Helicobacter pylori (H. pylori) infection has been recognized as the leading cause of chronic gastritis, peptic ulcer disease and gastric cancer (1,2). Accumulating evidences indicated that anti-H. pylori treatment could reduce the risks of precancerous gastric lesions and gastric cancer (3-6). Therefore, gastric cancer prevention by eradication of H. pylori in a high risk population is highly encouraged (7).
Although new regimens have been developed to eradicate H. pylori infection, two challenges existed, failure of eradication and recurrence of the infection (8,9). Currently, even under conventional H. pylori eradication therapy, there were still 10%–30% failure (8,10). Moreover, the annual recurrence rates after eradication were about 3.4% in developed countries and 8.7% in developing countries, respectively (9). The short- and long-term impacts on anti-H. pylori treatment may require a relevant monitor to evaluate biological effectiveness of the eradication and recurrence, particularly in a large community-based gastric cancer intervention.
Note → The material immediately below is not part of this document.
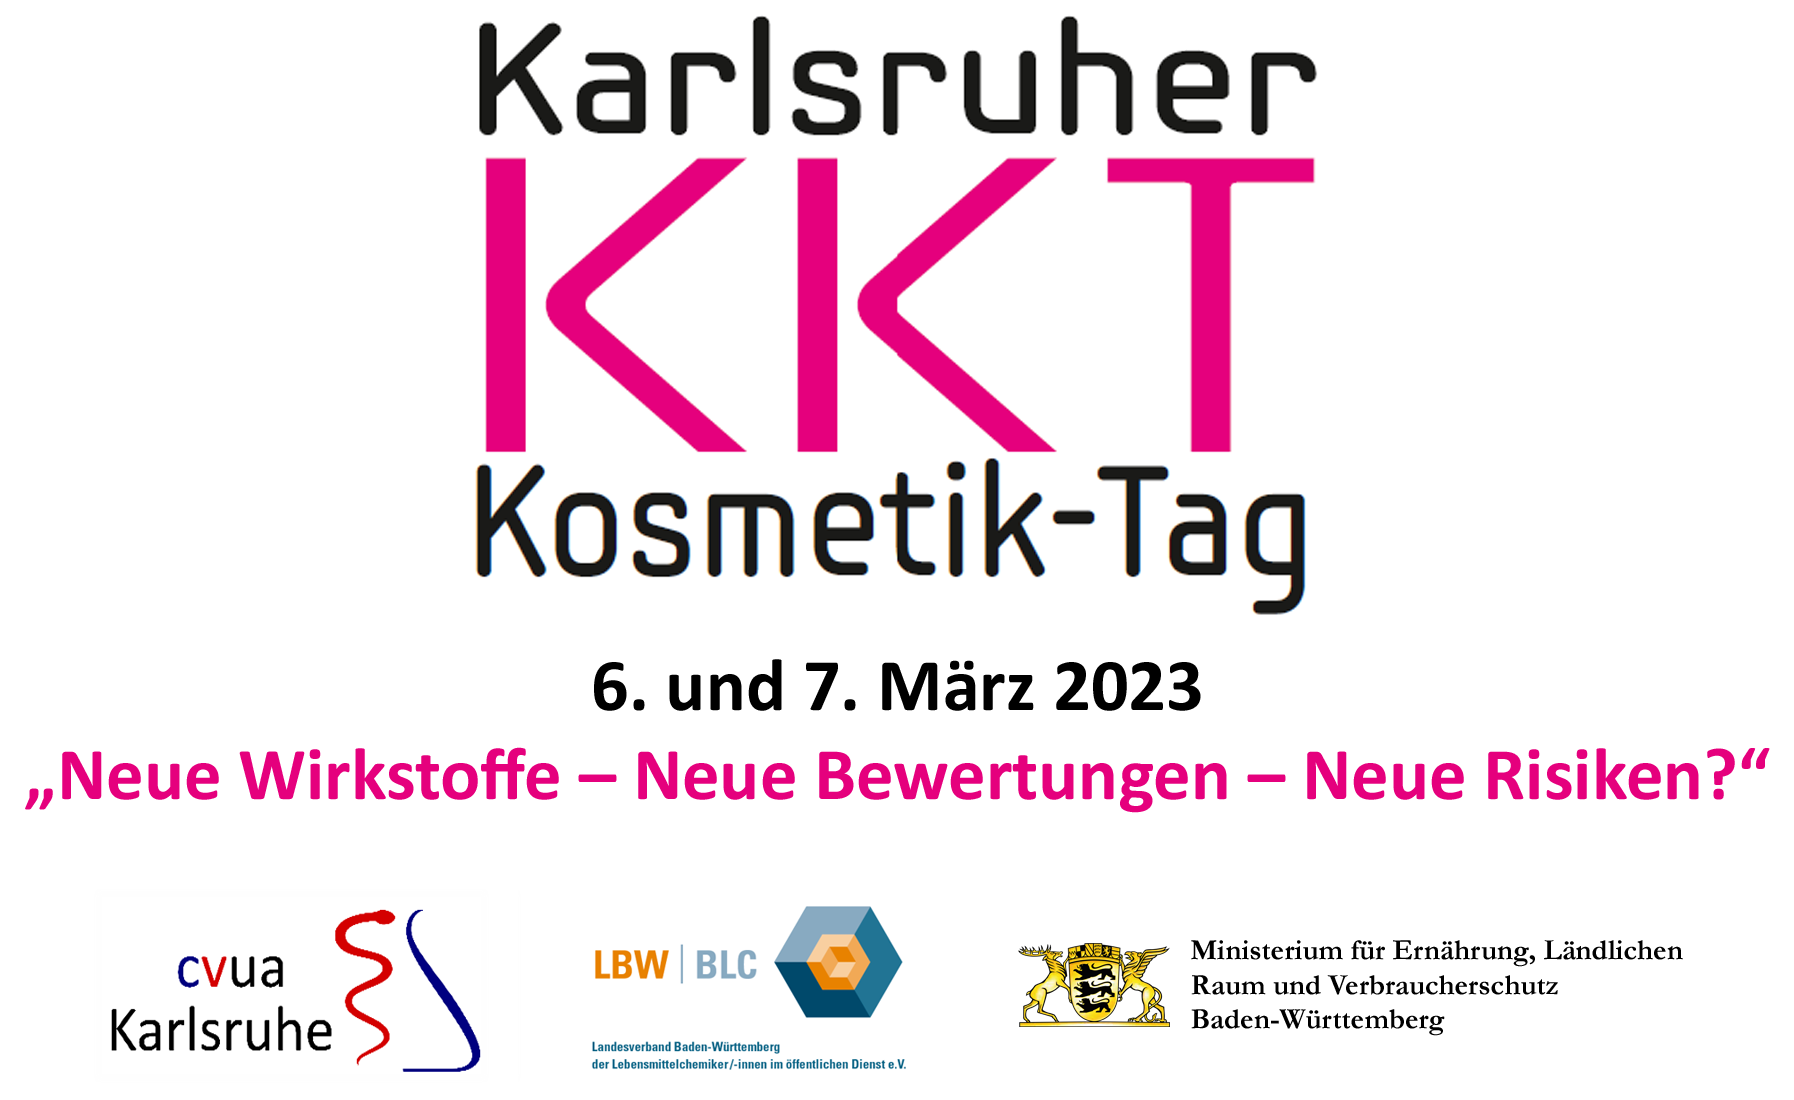 Auf der Abbildung ist das Logo des Karlsruher Kosmetiktags 2023 mit dem Motto „Neue Wirkstoffe- Neue Bewertungen- Neue Risiken?“ zu sehen, sowie die Logos der Veranstalter, des CVUA Karlsruhe, des LBW und des Ministeriums

13C-urea breath test (13C-UBT) is currently a golden standard to identify H. pylori infection but it requires specific devices and the cost is relatively high (11). And alternative to 13C-UBT, serum biomarker is an area of investigation, particularly for H. pylori specific antibodies. Although the sensitivity and specificity to evaluate the status of H. pylori infection by antibody responses are relatively lower than 13C-UBT, it is more feasible, practical, and cost-effective in a large scale population-based anti-H. pylori treatment (12). In addition, it is also interesting to know whether certain serum H. pylori antibodies are more specifically associated with the outcomes of H. pylori treatment, which could be potential markers for targeting population at a high risk of gastric cancer.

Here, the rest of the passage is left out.